Examples of the inorganic fine particles include clay minerals such as talc and kaolin, carbonates such as calcium carbonate and magnesium carbonate, hydroxides such as aluminum hydroxide and magnesium hydroxide, sulfates such as calcium sulfate, and oxides such as silica. , Graphite, sulphate, and inorganic fine particles such as boron nitride.
The organic fine particles include organic resin fine particles made of (meth) acrylic resin, Teflon (registered trademark) resin, silicone resin, lauroyl resin, phenol resin, acetal resin, styrene resin, polyamide resin and the like, or Examples thereof include crosslinked resin fine particles obtained by reacting these with a crosslinker.

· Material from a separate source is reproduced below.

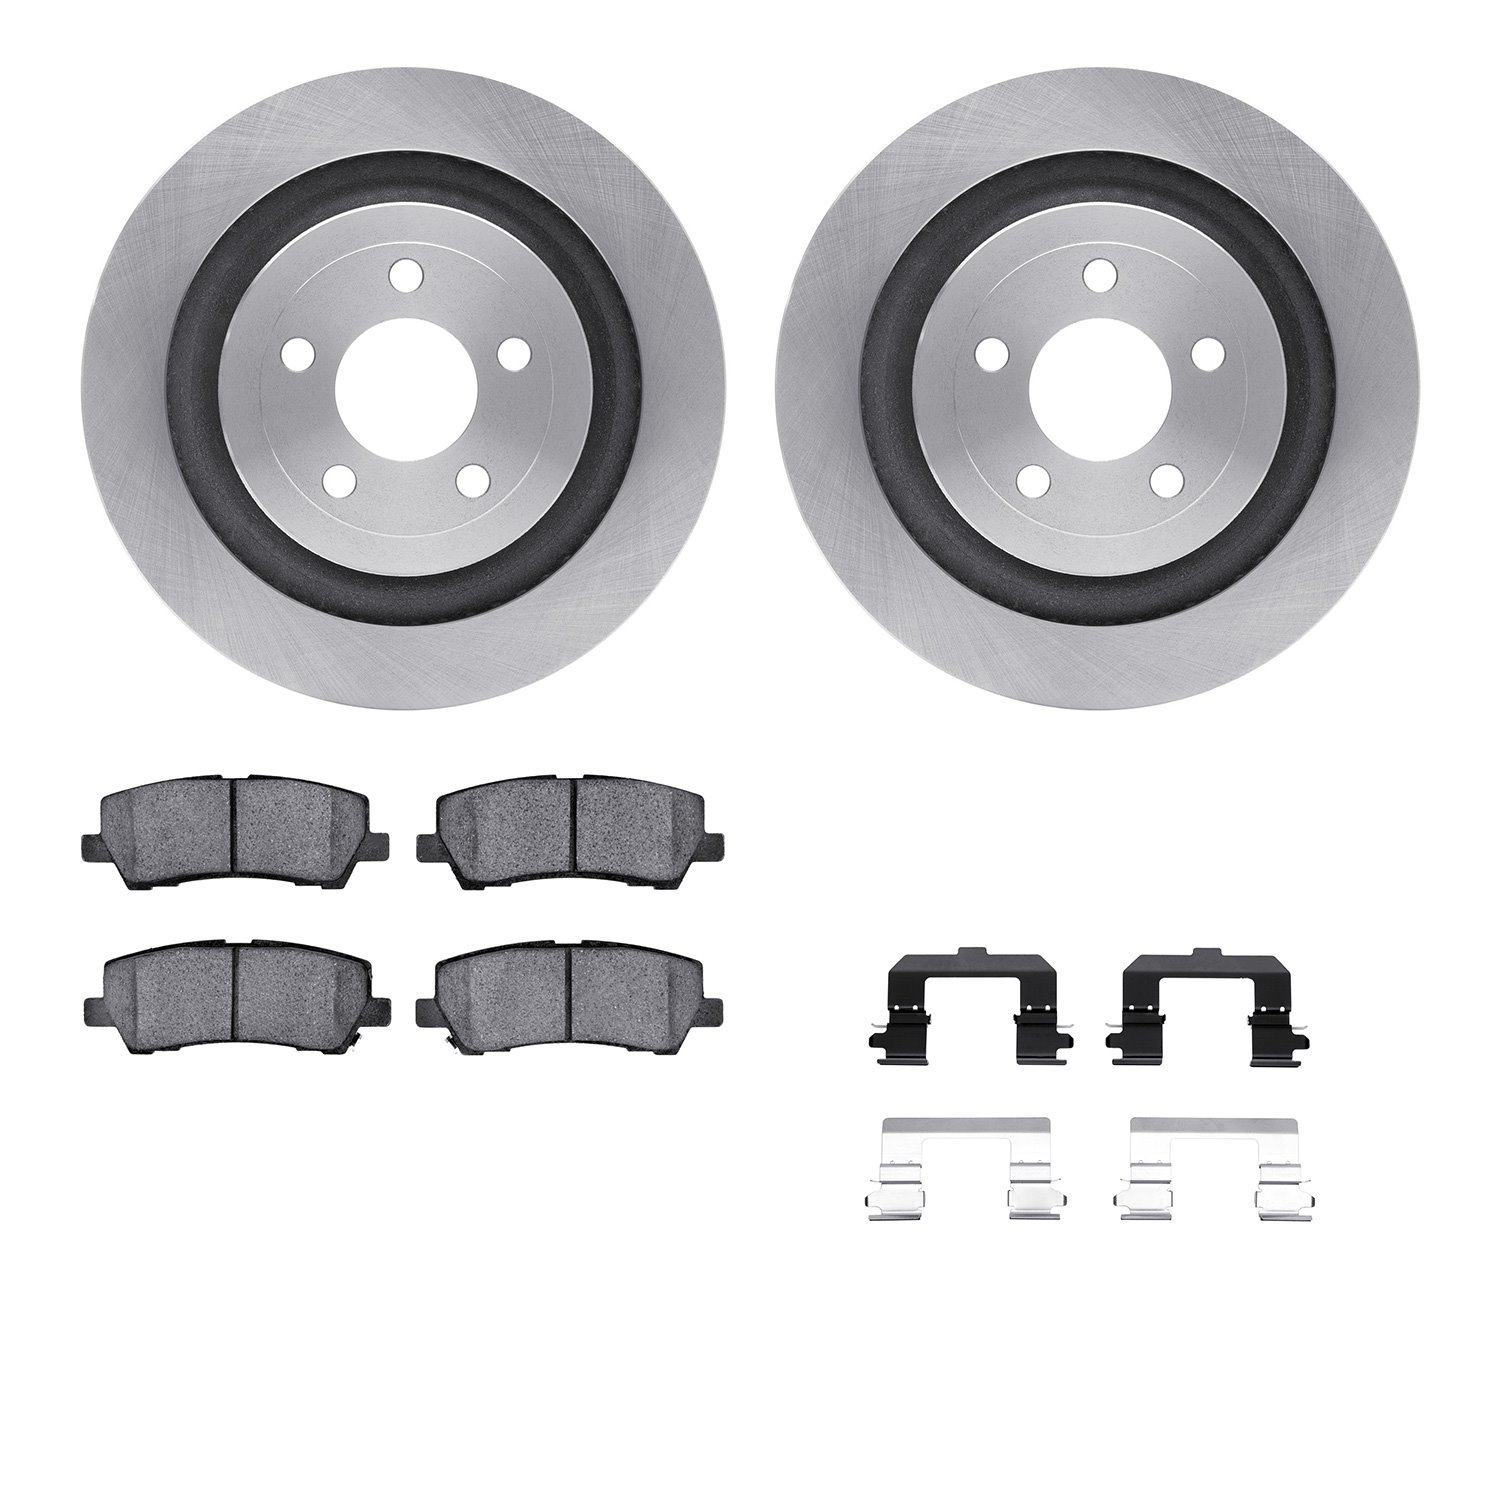 6212-99149 Brake Rotors w/Heavy-Duty Brake Pads Kit & Hardware, Fits Select Ford/Lincoln/Mercury/Mazda, Position: Rear

The thickness of the back layer is preferably 0.01 μm or more and 5 μm or less, and more preferably 0.03 μm or more and 2 μm or less.

The back layer is formed by dispersing or dissolving the above material in water or a suitable solvent to obtain a coating liquid for forming the back layer, which is used as a roll coater, a reverse roll coater, a gravure coater, a reverse gravure coater, a bar coater and a rod. It can be formed by applying it on a substrate by a known means such as a coater to form a coating film, and then drying the coating film.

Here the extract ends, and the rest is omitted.